Directions for this task: Output each line of the listing exactly, though pictures are not to appear.

Material provided:

--

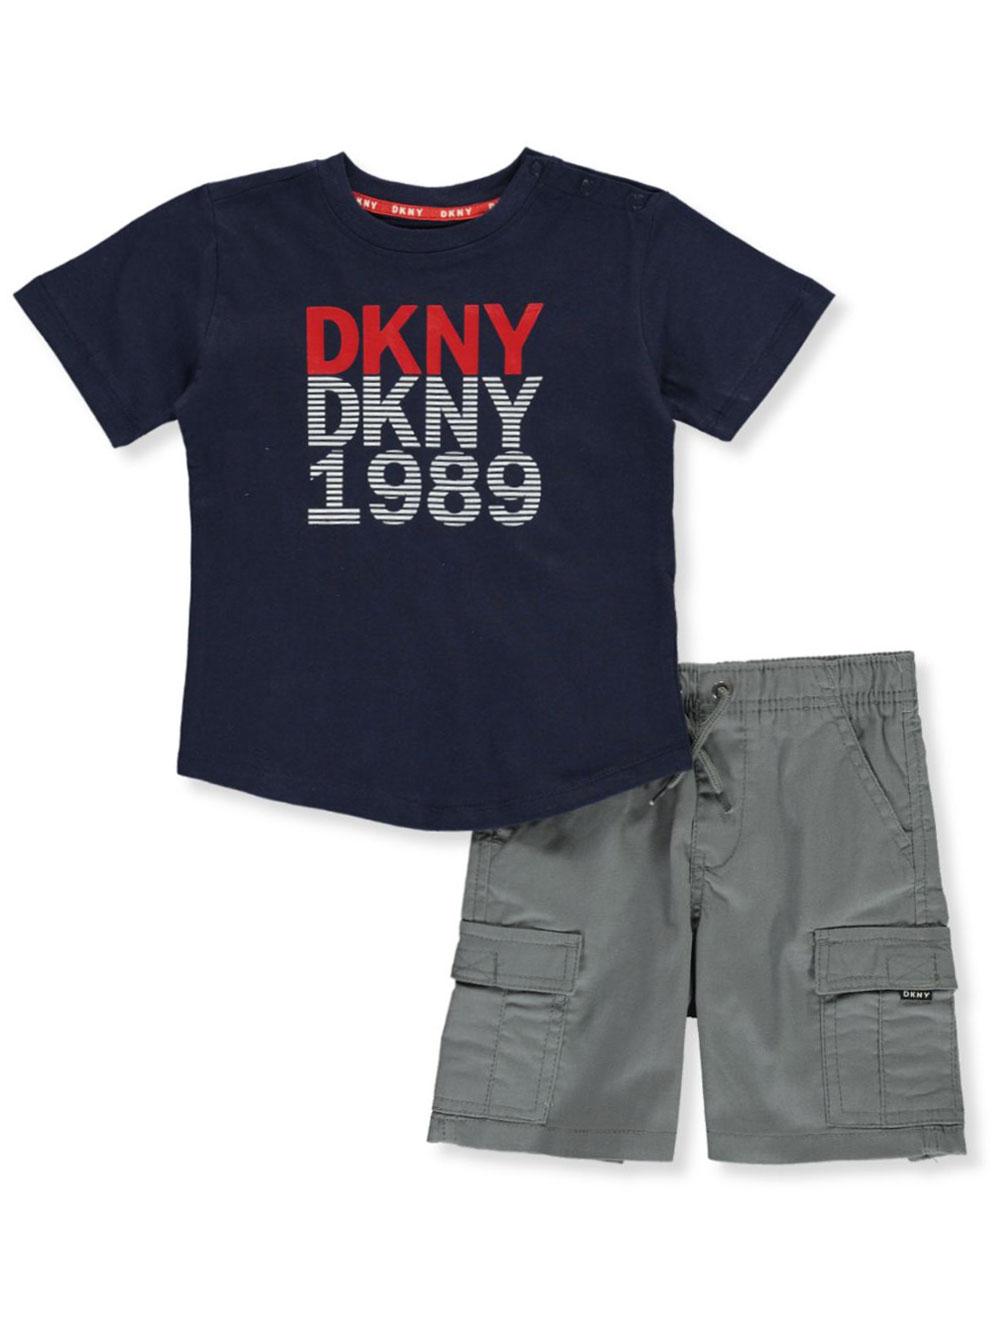 DKNY Boys Shorts Set
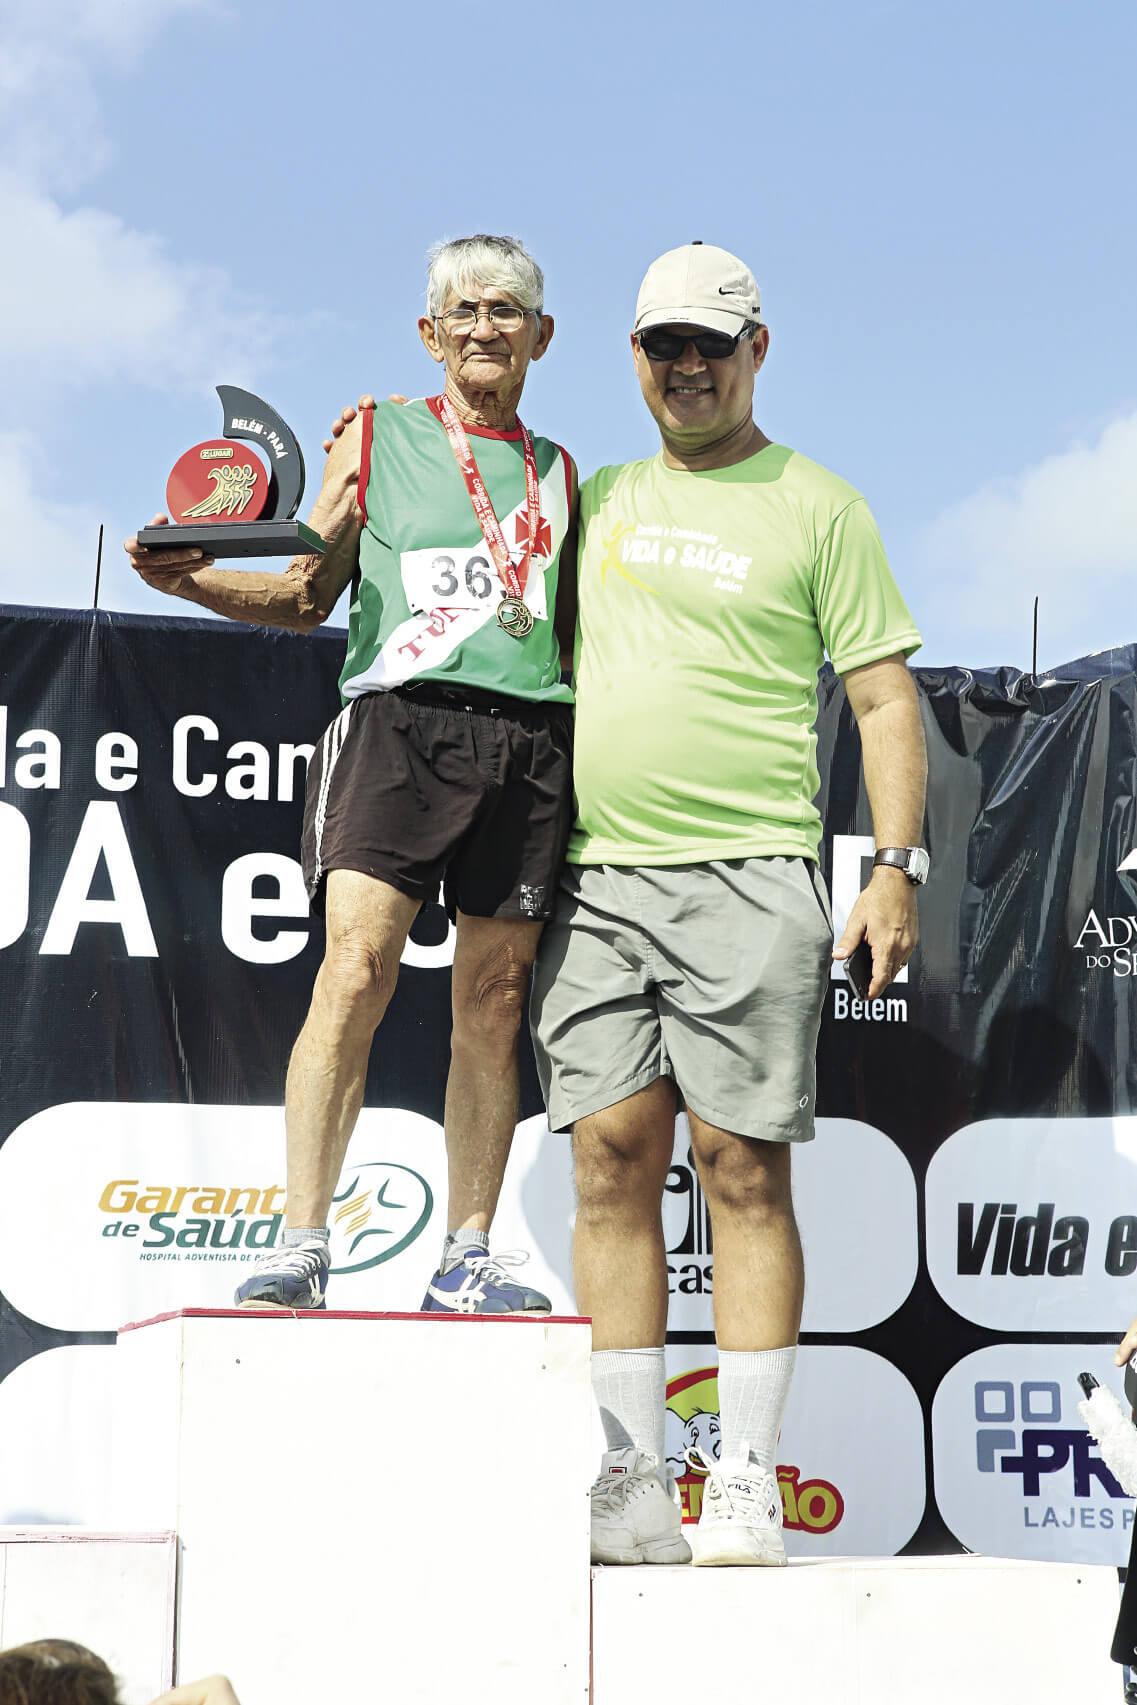 Mais de 4 mil pessoas participaram da corrida Vida e Saúde em Belém.
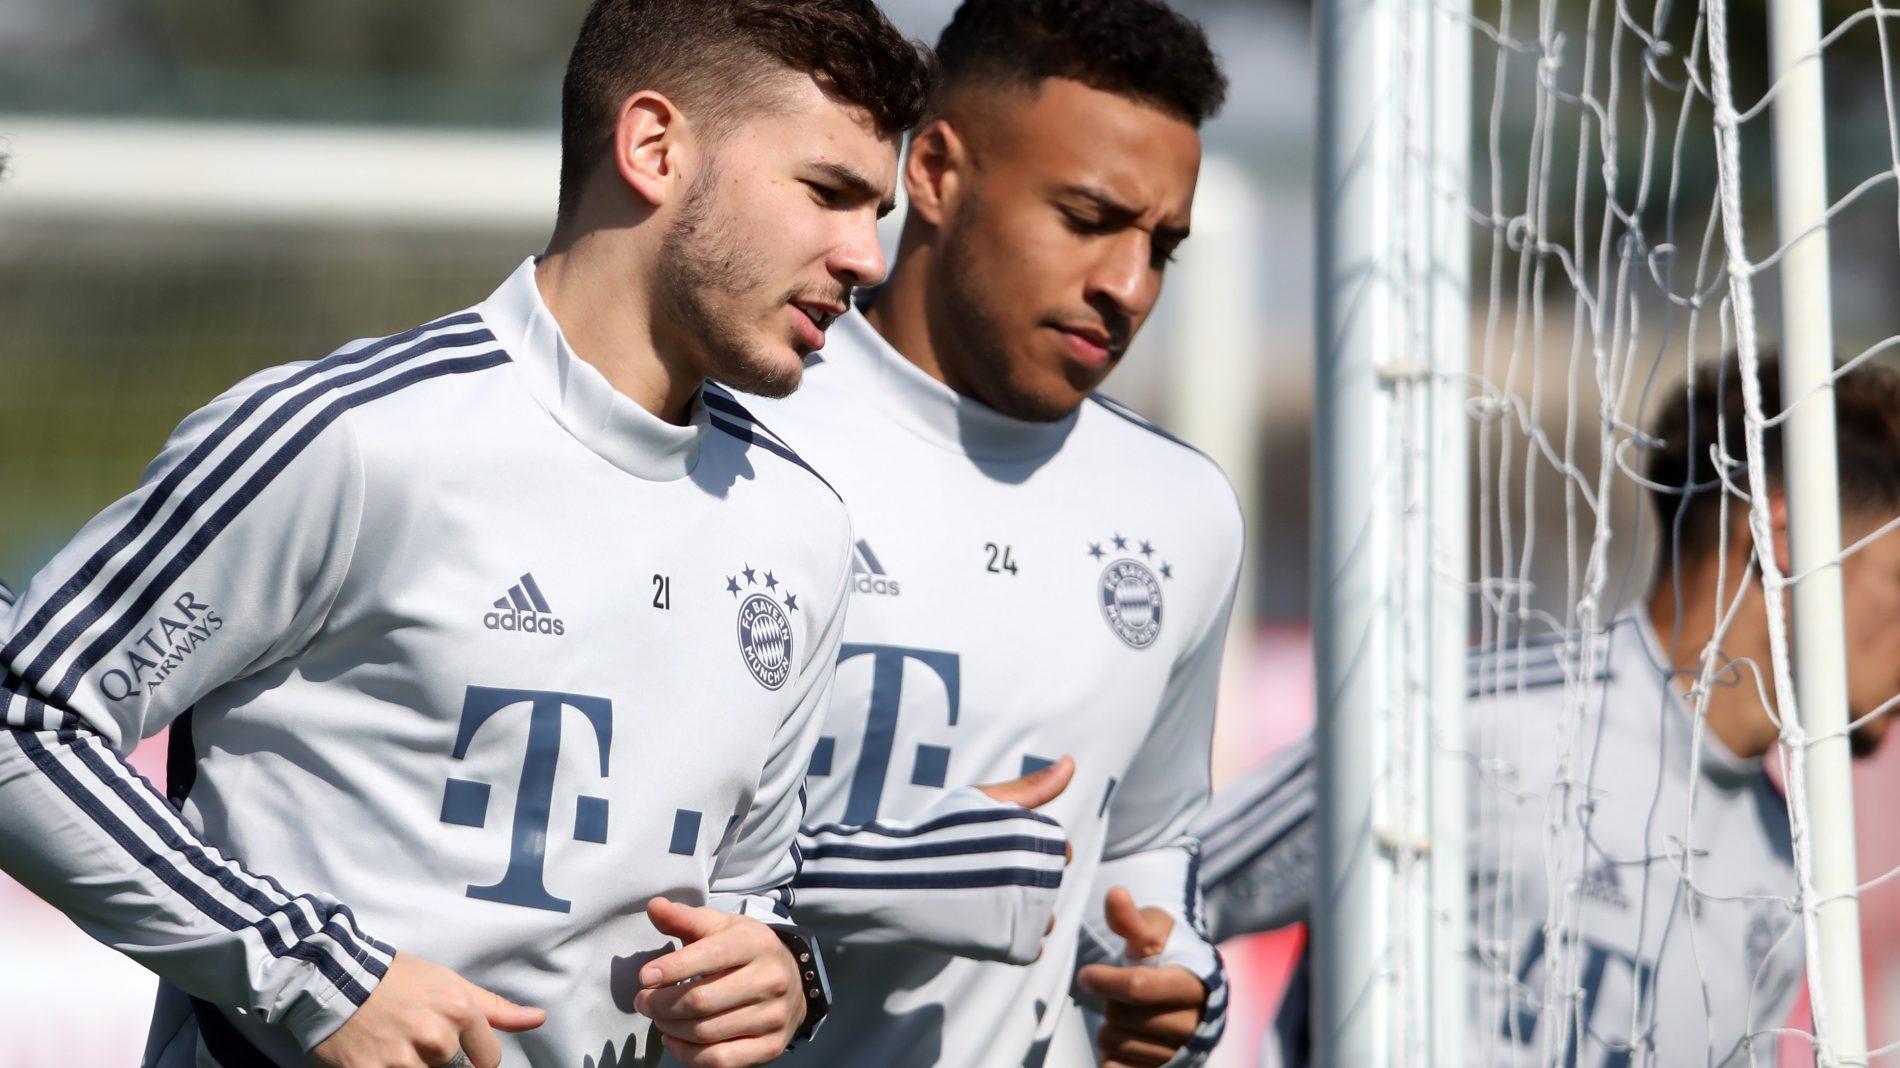 高层点赞?马特乌斯:卢卡斯和托利索是拜仁两笔新援

--

Written answer:
 DKNY Boys Shorts Set
 Mais de 4 mil pessoas participaram da corrida Vida e Saúde em Belém.
 高层点赞?马特乌斯:卢卡斯和托利索是拜仁两笔新援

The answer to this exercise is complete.